Andy’s vast property in Egmore was eyed by the South Indian Railway Company (SIR) as a suitable location for its northern terminus. The SIR resulted from the amalgamation of three companies – the Great Southern Indian Railway Company (GSIRC) established in 1859, the Carnatic Railway Company (CRC) established in 1864, and the Pondicherry Railway Company Limited (PRC) established in the 1870s. The GSIRC operated in the Trichinopoly-Negapatam area while the CRC had its lines in the Conjeevaram-Arkonam region. The PRC was much smaller, limiting itself to eight miles near its headquarters. The SIR was founded in 1874 and took over all three lines.

From then till 1946, when the nationalisation of the railways began, the SIR was a private company, headquartered in Trichinopoly. Its Madras station was Egmore and a photograph in the Sir Robert Stanes collection, now with the Amalgamation Group, testifies to the presence of a station here by the 1880s. But it was only in the early 1900s that the SIR decided to build a proper terminus in the city and negotiations were opened with Pulney Andy. He proved to be a reluctant seller. Spread over 1.83 acres the property had buildings that he considered memorials to his late wife. He wanted them to be used for his Native Church. Also dear to him was an orchard that he had tended on the premises. But with the Collector of Madras bringing pressure to bear, he parted with the land in 1904 for Rs 100,000.
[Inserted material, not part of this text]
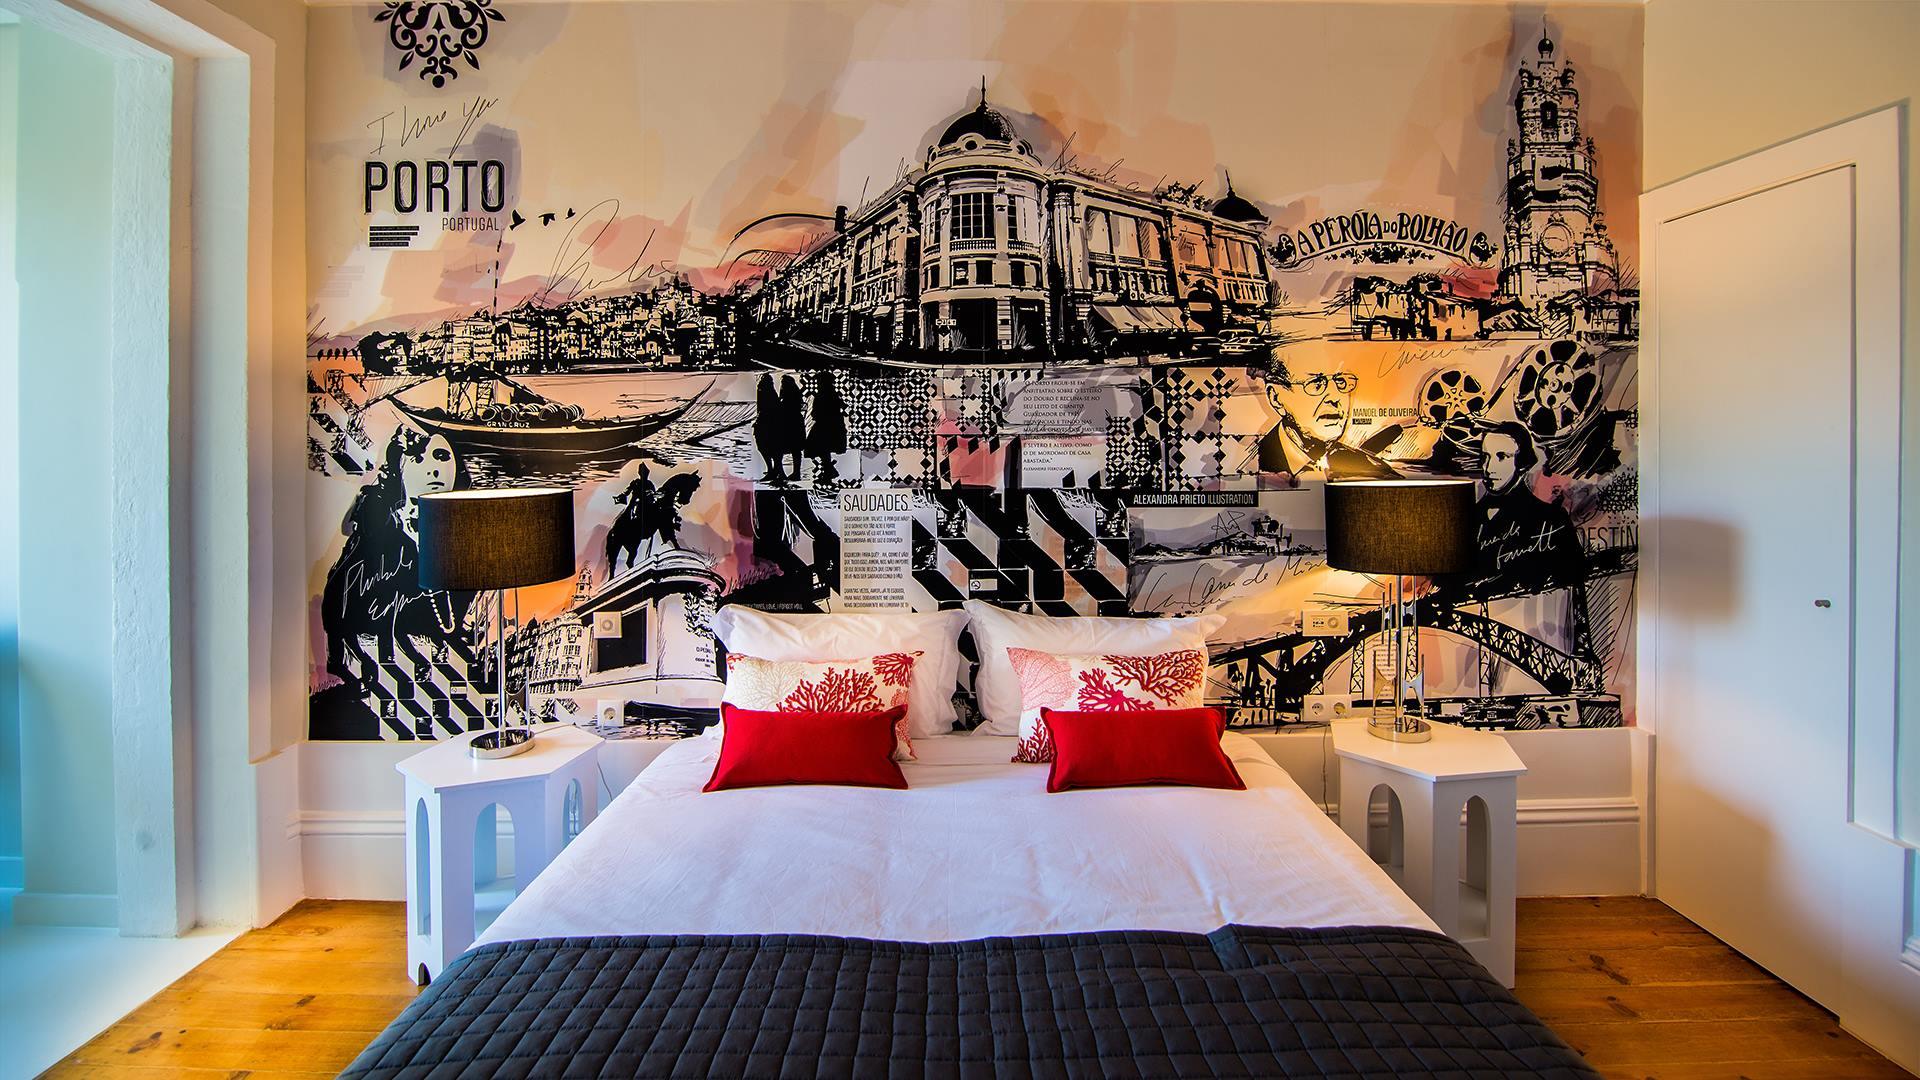 Courtesy of Gallery Hostel Porto

Work began on the station, considered to be larger than London’s Charing Cross, with dimensions of 300ft by 70ft. The design was by Henry Irwin and E. C. Bird. The contractor was T. Samynada Pillai of Bangalore who also ­constructed the Madura and Trichinopoly stations of the SIR. The Egmore ­station cost Rs. 17 lakh to build and was completed in 1908. It was one of the early instances of usage of concrete in Madras. The structure also had another first – incorporation of Dravidian motifs within the Indo-Saracenic genre. The station has had two extensions – one in 1930 and another in 1980. Rather surprisingly, the later addition is more in keeping with the original design than the earlier one – its pyramidal and truncated domes having been described as ­bulbous and squat and “far from an architectural masterpiece”. The elephant logo of the SIR can still be seen over the entrance porch. There were other attractions – a drive-in platform and a stained-glass-and-timber dream of a refreshment room, the latter operated by Spencer’s.

The SIR was amalgamated into the Indian Railways in 1951, becoming the latter’s Southern Railway, the ‘I’ on the SIR logo over the station being painted out to reflect the change. With its wooden stairways and vast cavernous interiors, Egmore remained a tranquil station till the 1980s when, with the population explosion and the burgeoning number of vehicles coming into it and the surroundings, it has become synonymous with chaos. The drive-in platform has vanished. And as for the refreshment room, its stained glass and wooden interior has been buried under tons of plywood and other accretions. The beauty of the station can now be detected only by the most determined observer. While congestion can be an excuse for the shoddy appearance of the station, there can be no forgiving the poor maintenance and lack of upkeep which point to a deeper and a normally common Indian malaise.